Statistical Learning from Attribution Sets
Lorne Applebaum, Robert Busa-Fekete, August Y. Chen, Claudio Gentile, Tomer Koren, Aryan Mokhtari
TL;DR
The paper addresses learning CVR models when explicit click-to-conversion links are unavailable due to privacy, formulating learning from attribution sets generated by an adversary with a known prior. It derives an unbiased estimator of the population loss by decomposing the loss into base and label-dependent terms and mapping the label signal to observable signals through attribution sets, enabling ERM with generalization guarantees.
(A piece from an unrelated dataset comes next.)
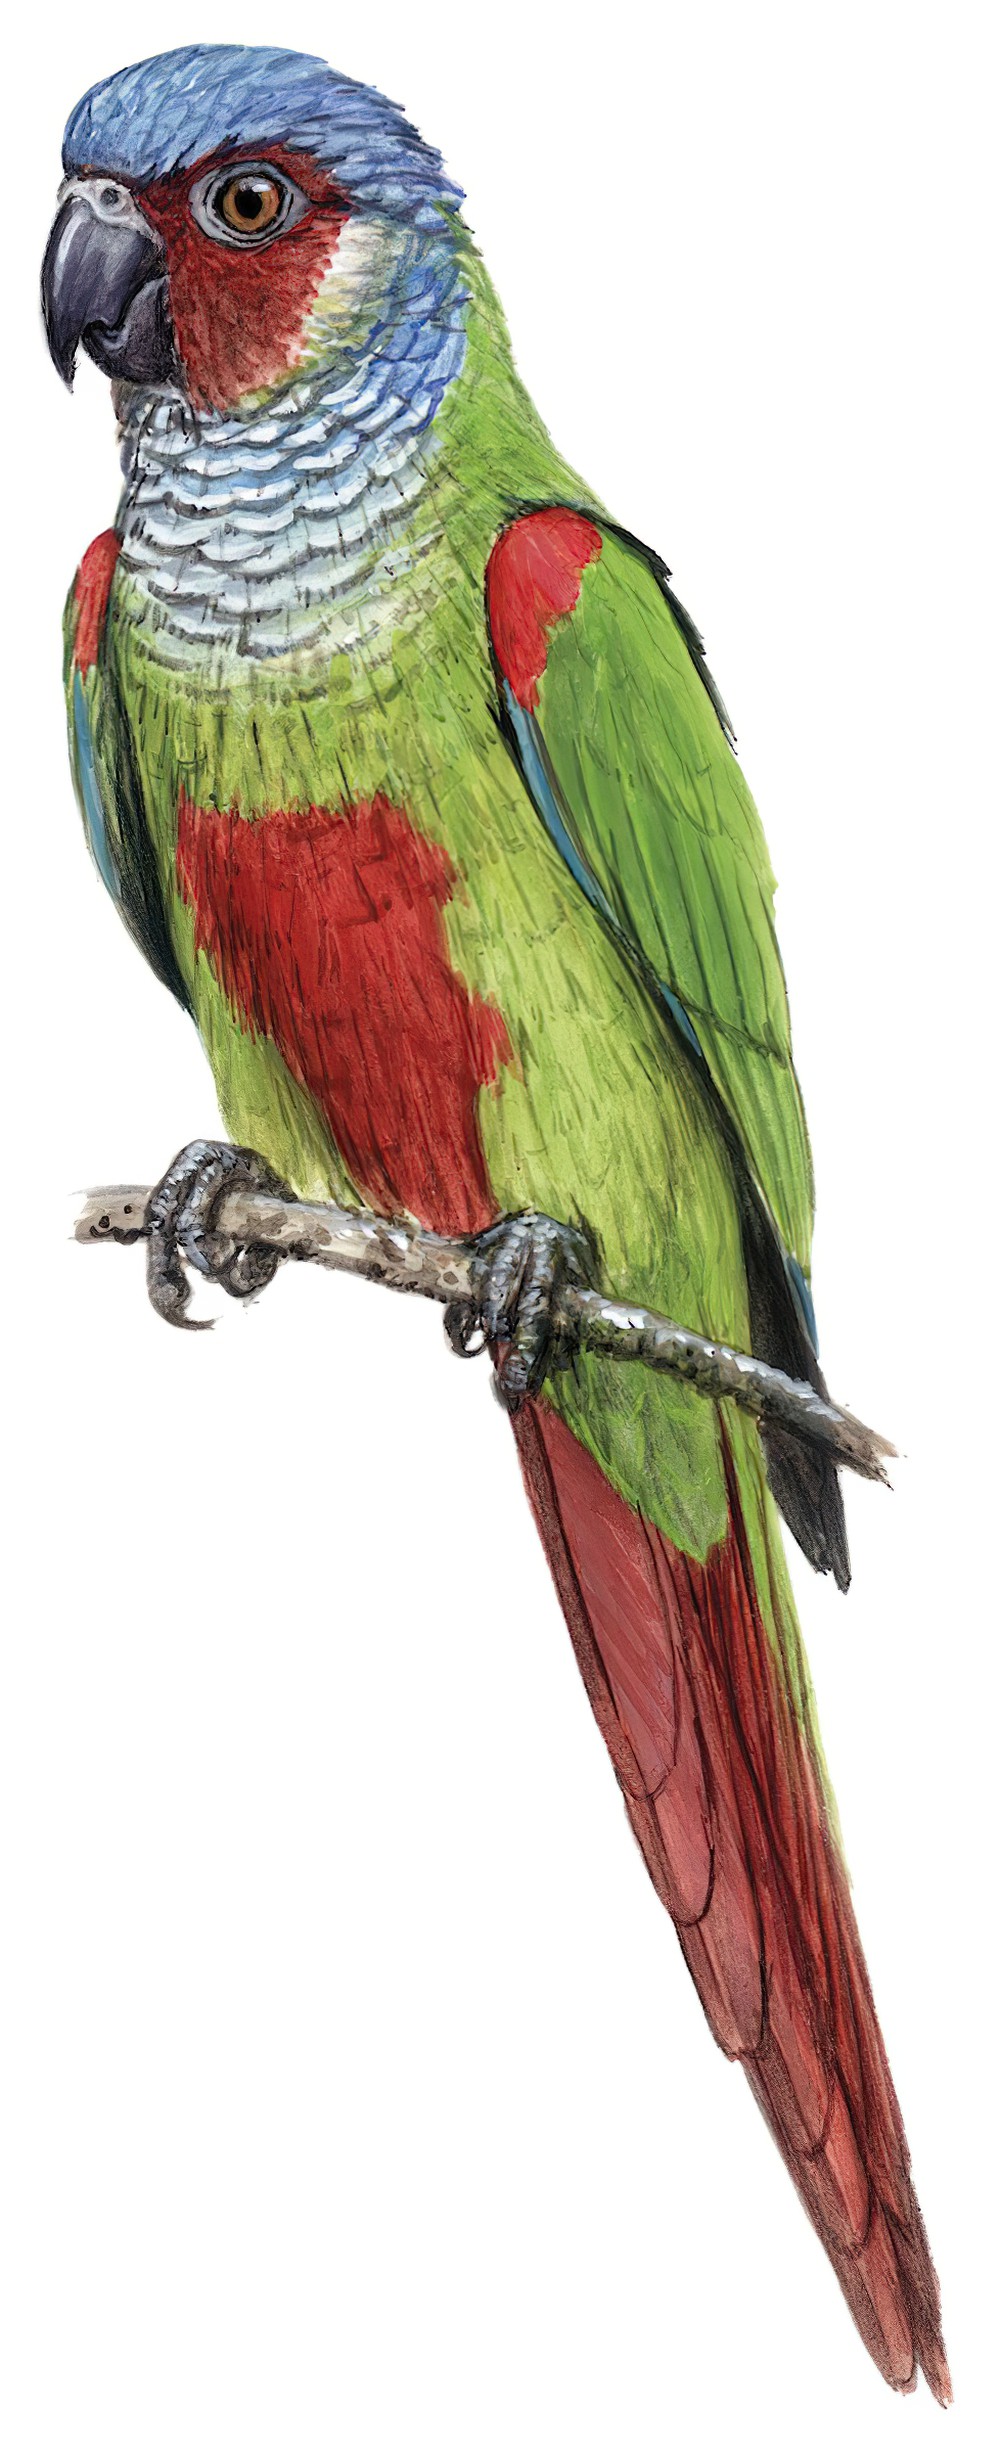 普氏鹦哥 / Pfrimer's Parakeet / Pyrrhura pfrimeri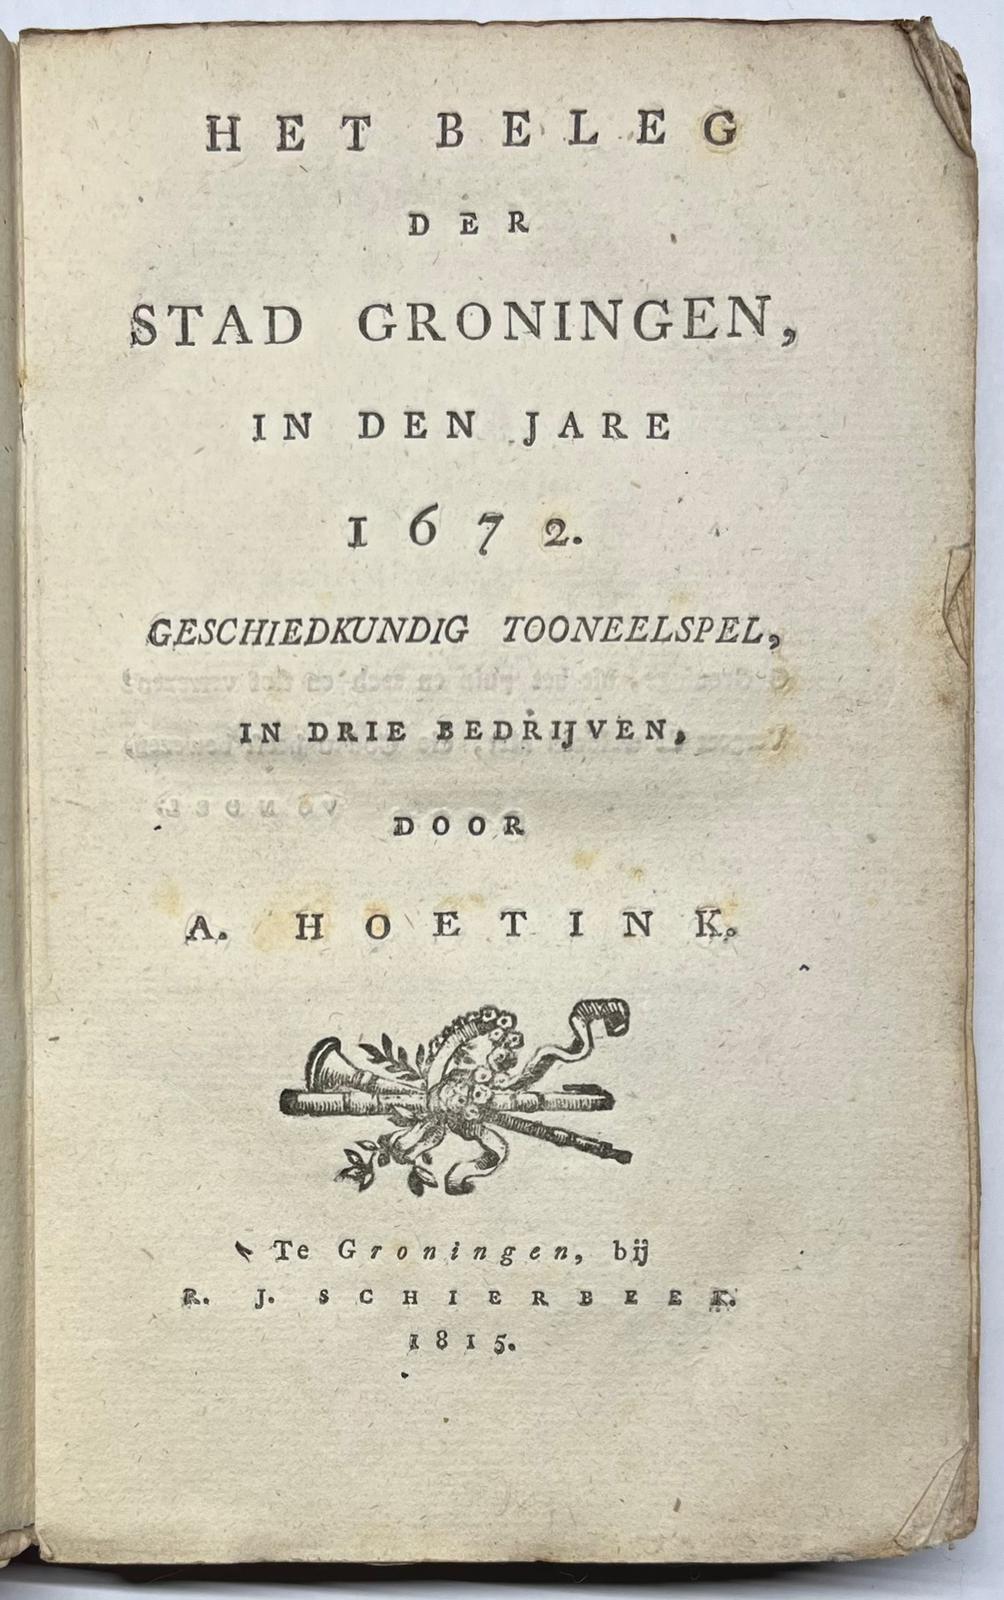 [Groningen, 1815, theatre] Het beleg der stad Groningen, in den jare 1672. Groningen: R.J. Schierbeek, 1815, [4], 126 pp.

Theoretical results show that sample complexity scales with the prior informativeness via $\Sigma=\|\pi\|_2^2$ and that robustness to prior estimation errors is possible, via a bias term that depends on $\|\pi-\widehat{\pi}\|$. Empirical results on MNIST, CIFAR-10, and Higgs demonstrate substantial improvements over industry baselines, particularly when attribution sets are large or overlapping, validating the practical potential of privacy-preserving attribution learning.
Abstract
We address the problem of training conversion prediction models in advertising domains under privacy constraints, where direct links between ad clicks and conversions are unavailable. Motivated by privacy-preserving browser APIs and the deprecation of third-party cookies, we study a setting where the learner observes a sequence of clicks and a sequence of conversions, but can only link a conversion to a set of candidate clicks (an attribution set) rather than a unique source. We formalize this as learning from attribution sets generated by an oblivious adversary equipped with a prior distribution over the candidates. Despite the lack of explicit labels, we construct an unbiased estimator of the population loss from these coarse signals via a novel approach. Leveraging this estimator, we show that Empirical Risk Minimization achieves generalization guarantees that scale with the informativeness of the prior and is also robust against estimation errors in the prior, despite complex dependencies among attribution sets. Simple empirical evaluations on standard datasets suggest our unbiased approach significantly outperforms common industry heuristics, particularly in regimes where attribution sets are large or overlapping.